Citation : 2018 Latest Caselaw 3994 ALL
Judgement Date : 27 November, 2018
HIGH COURT OF JUDICATURE AT ALLAHABAD Court No. - 4 AFR Case :- WRIT - A No. - 49746 of 2017 Petitioner :- Pradeep Kumar And 9 Others Respondent :- State Of U.P. And 4 Others Counsel for Petitioner :- Puneet Bhadauria Counsel for Respondent :- C.S.C.,Vikram Bahadur Singh Hon'ble Ajit Kumar,J.
1. Heard learned counsel for the parties.
2. The petitioners were ten in number, have come up before this Court with the prayer for a writ in the nature of certiorari quashing the order dated 21.09.2017 passed by the 4th respondent on the ground that the procedure prescribed for under the Government Order governing the conditions of service of the Part Time Instructors in the scheme namely Right to Education for All, dated 31.01.2018, pursuant to which they were appointed, has not been followed.

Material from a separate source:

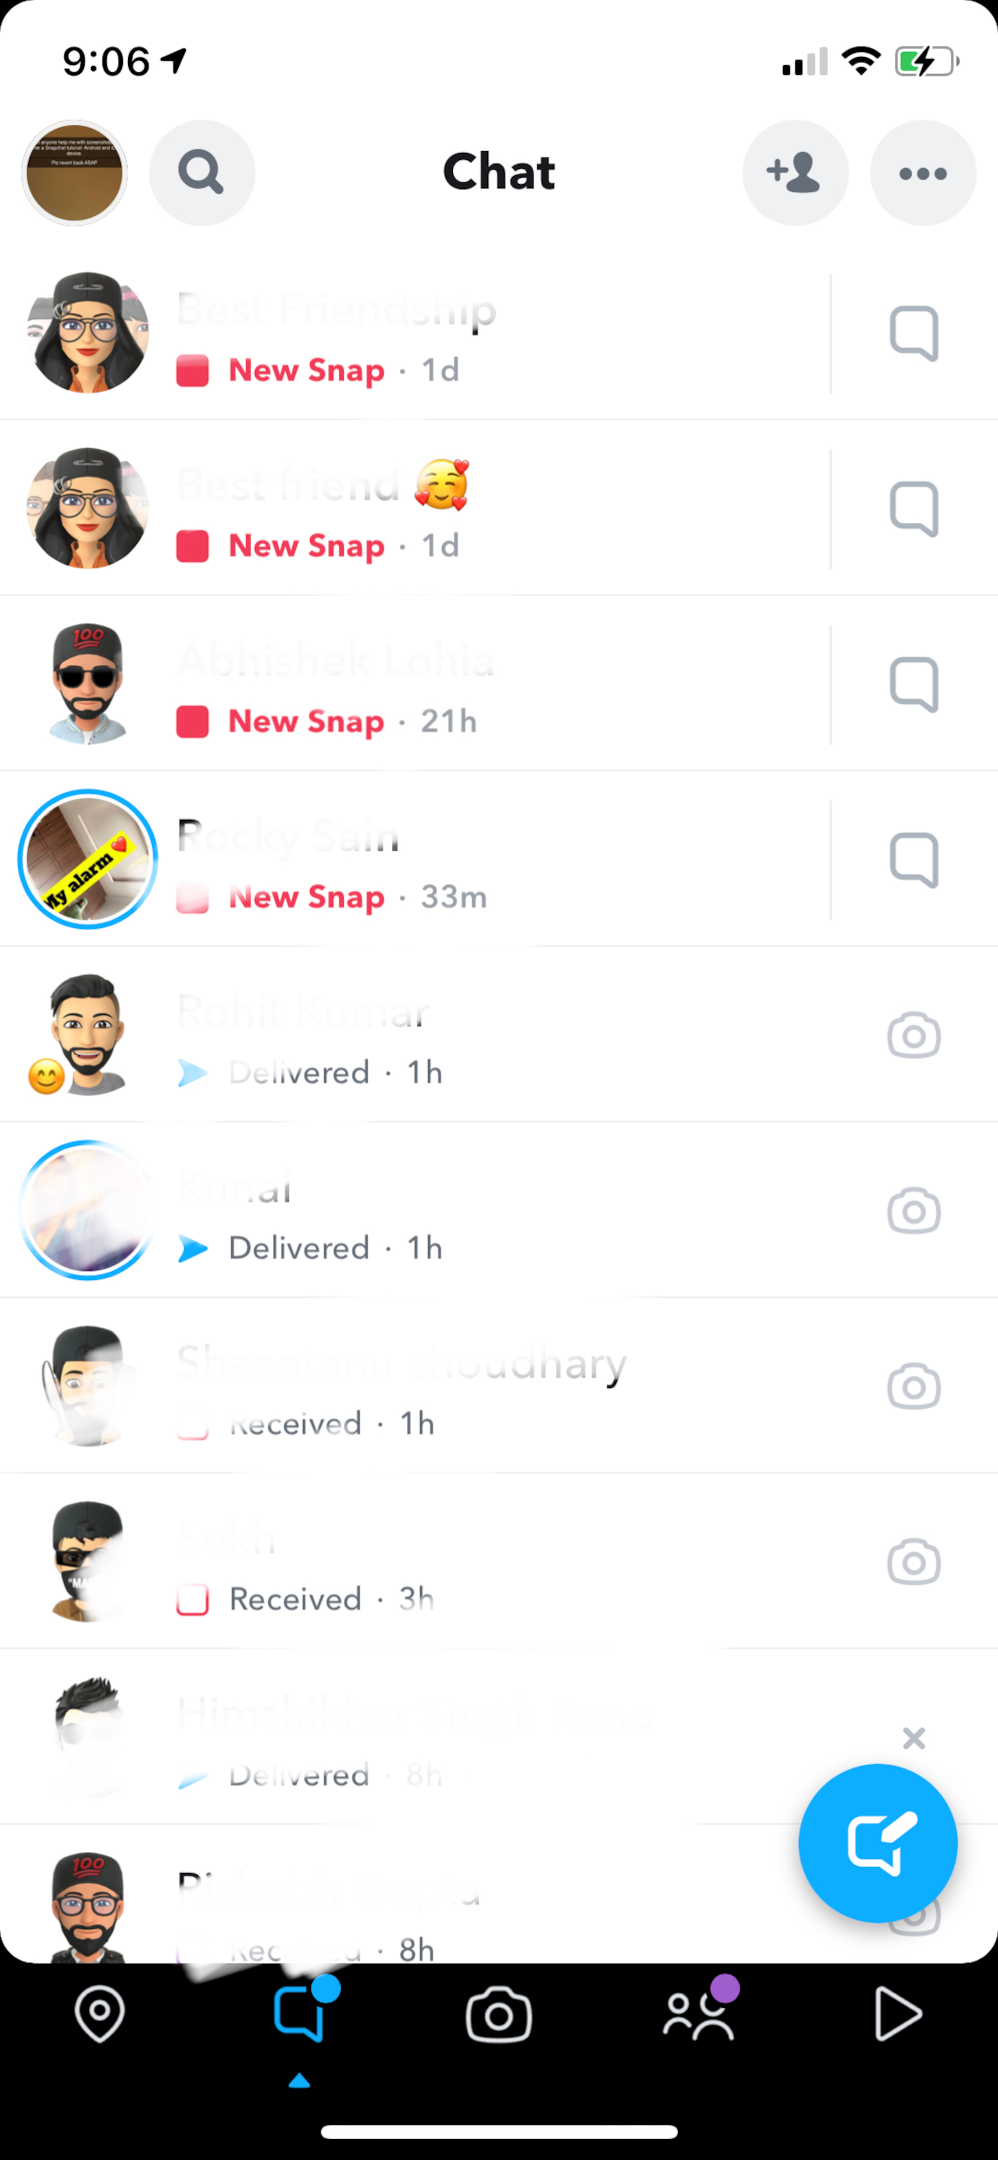 Screenshot of all the conversations of friends

3. Briefly stated facts are that petitioners were duly selected by going through the procedure as contemplated under the Government Order (supra) and were given appointment as Part Time Instructors initially for the session 2010-11 and have thereafter continued as such and their respective engagements were renewed from time to time on term to term basis (the term of 11 months). In the year 2017, as admittedly they had been working at the time, the order impugned dated 21.09.2017 was passed. The order impugned dated 21.09.2017 as quoted therein, assigns that the work of the Part Time Instructors, who are enlisted in the impugned order, has not been found satisfactory during the session 2017-18. The opinion has been formed on the basis of enquiry conducted by the District Development Officer and the report submitted by him. So virtually adopting these findings to be true the action was taken by the District Magistrate/Chairman of the District Education Project Committee under the Right to Education for All vide order dated 18.09.2017.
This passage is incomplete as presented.